Patten spent the last four seasons in a New England Patriots passing offense that went out of its way to spread the ball around. Quarterback Tom Brady in recent years has taken on that egalitarian approach toward receivers Patten, Troy Brown, David Givens and Deion Branch.
"In New England, we had a lot of unselfish guys," Patten said. "If you caught 10 balls, that's wonderful. But if you caught one ball, you should have the same excitement about being happy for your teammates."
With that as backdrop, Patten arrives in Washington with that same team-first attitude and demand for respect. He has started 58 of 112 games with 236 catches for 3,519 yards and 20 touchdowns, for New England (2001-04), Cleveland (2000) and the Giants (1997-99).

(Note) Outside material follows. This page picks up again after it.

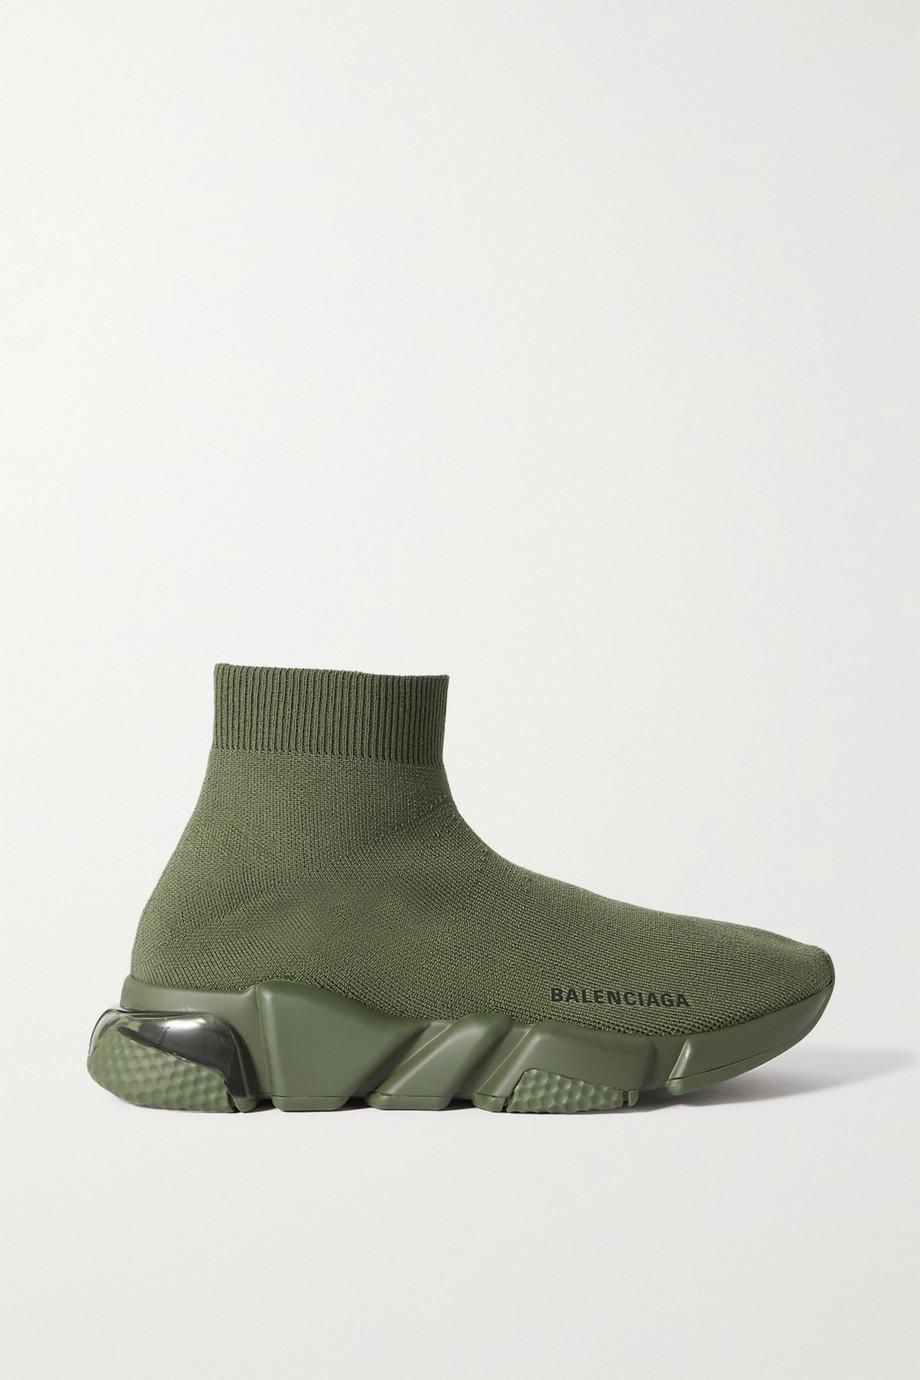 Balenciaga Speed LT logo-print stretch-knit high-top sneakers

In terms of making a name for himself across the league, Patten jumped out in 2001. That year, he became the first player in Patriots' franchise history and only the sixth player in the NFL since 1960 to record a touchdown pass, touchdown reception and rush for a touchdown in one game. That occurred in an Oct. 21 in a 38-17 New England win over Indianapolis.
During that same game, he was also on the receiving end of the longest play in Patriots history when he caught a 91-yard touchdown pass from Brady.
Patten's three Super Bowl rings give him instant credibility in the locker room. He admits that he expects to be a leader on and off the field.
"You lead by example," Patten said. "This is what I bring to the table. I'm going to work to hard day-in and day-out."